Is there a mail club that sends letters from different world cities?

Yes. And honestly, I think this is exactly why I made Letters From a Friend Abroad.

Because most of what we see about travel now is quick.

A reel.
A list.
A guide.
A hotel room.
A restaurant someone says you have to try.

And I love all of that too.

But sometimes I want something slower. Something that feels more personal. Something that tells me what a place was actually like, not just what I should do there.

That is what Letters From a Friend Abroad is.

It is a monthly mail club for people who miss real letters and want to experience cities around the world in a more thoughtful way.
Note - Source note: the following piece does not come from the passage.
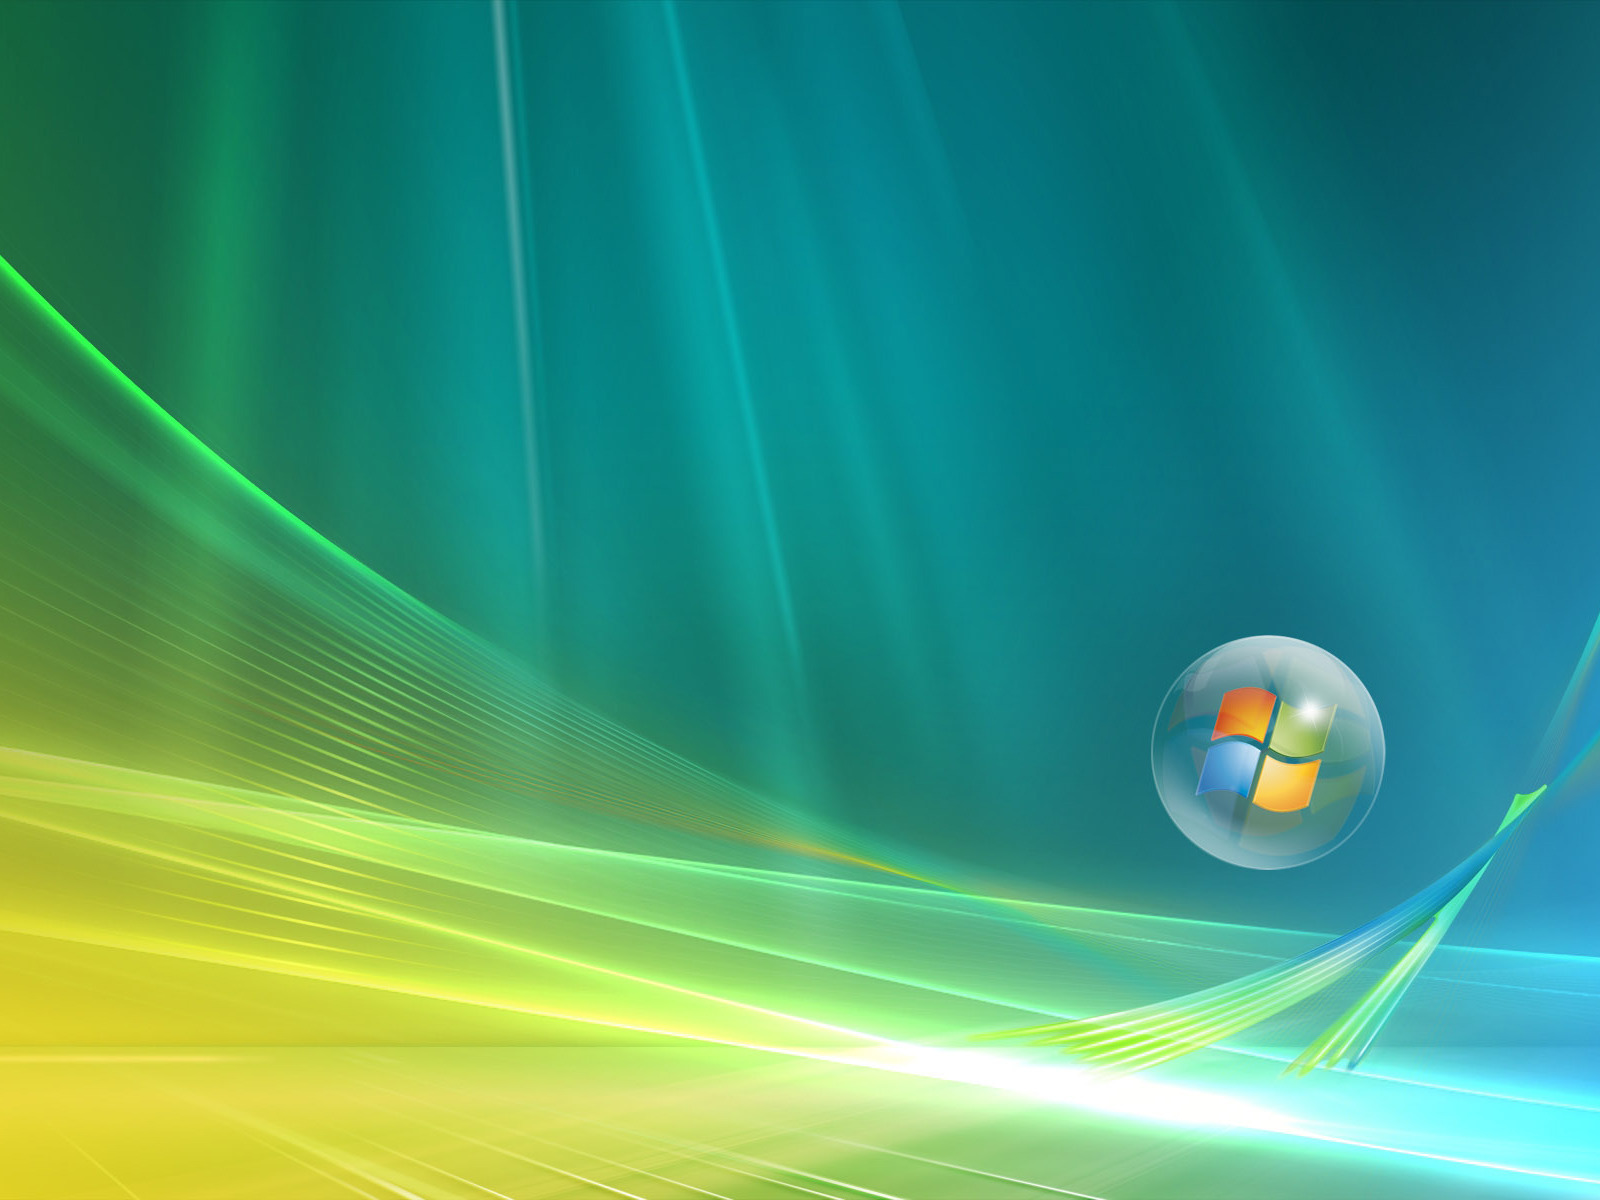 windows, background, logos, brands, turquoise Full HD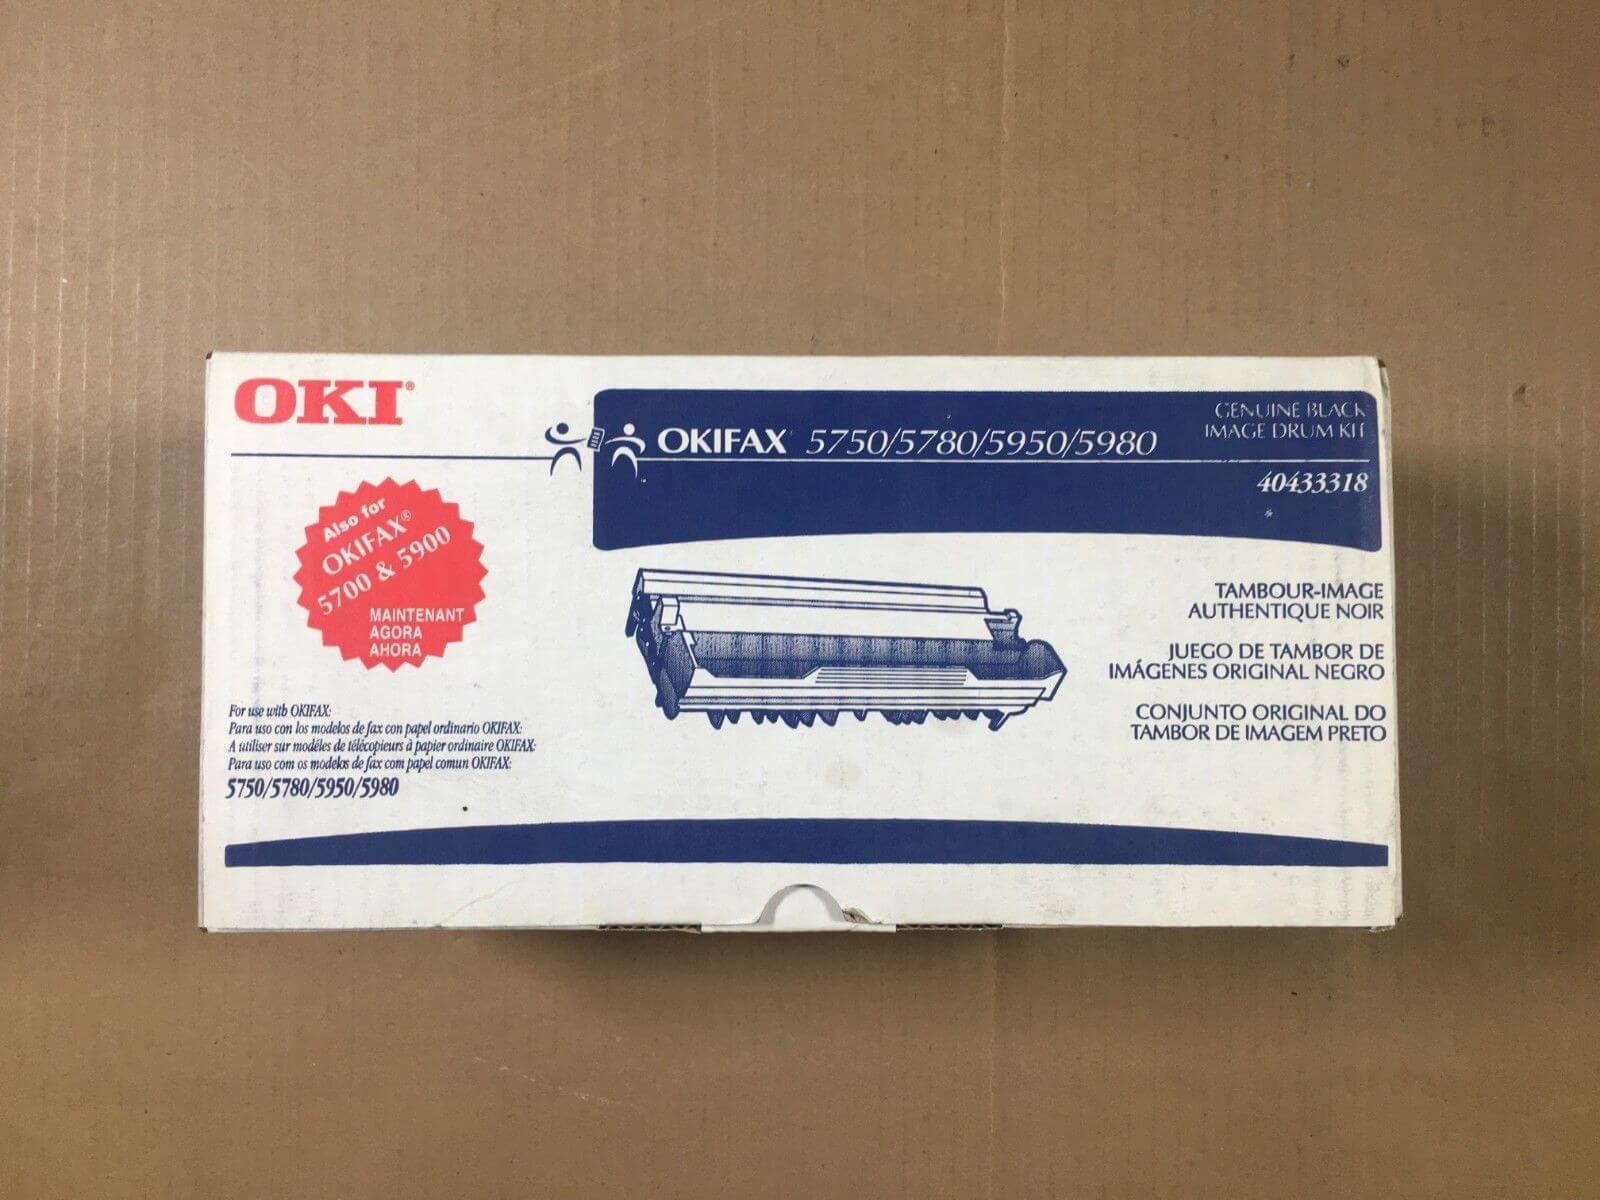 Genuine OKIFAX 5750 Image Drum Kit 40433318 Same Day Shipping - copier-clearance-center

Each month, I send a real envelope from a different city abroad. Inside is a personal letter, city notes, a postcard, a small keepsake, and a few little paper things that make the place feel closer.

It is not really a travel guide.

It is more like getting a letter from someone who has been walking around the city, noticing the details, and thinking, “I wish I could send this feeling to someone.”

So I do.

The first letter begins in Tbilisi, Georgia.

A city with wooden balconies, crooked streets, houses that look like they are hanging over the river, sulfur baths, stray dogs with colored ear tags, warm bread, churchkhela in shop windows, and neighbors who might hand you homemade wine in an old soda bottle.

It is not the polished postcard version of a place.

It is the lived-in version.

The version you notice slowly.

The version that becomes ordinary when you live there, and then suddenly feels extraordinary when you try to explain it to someone else.

That is the kind of letter I want to send.

A letter that feels like you are being let into the small, human details of a city.

Not just the landmarks.

Not just the perfect photos.

The texture of it.

The smell of bread from a shop window.
The dog sleeping in the same sunny spot every morning.
The way people carry groceries home.
The things you would probably miss if you were only there for a weekend.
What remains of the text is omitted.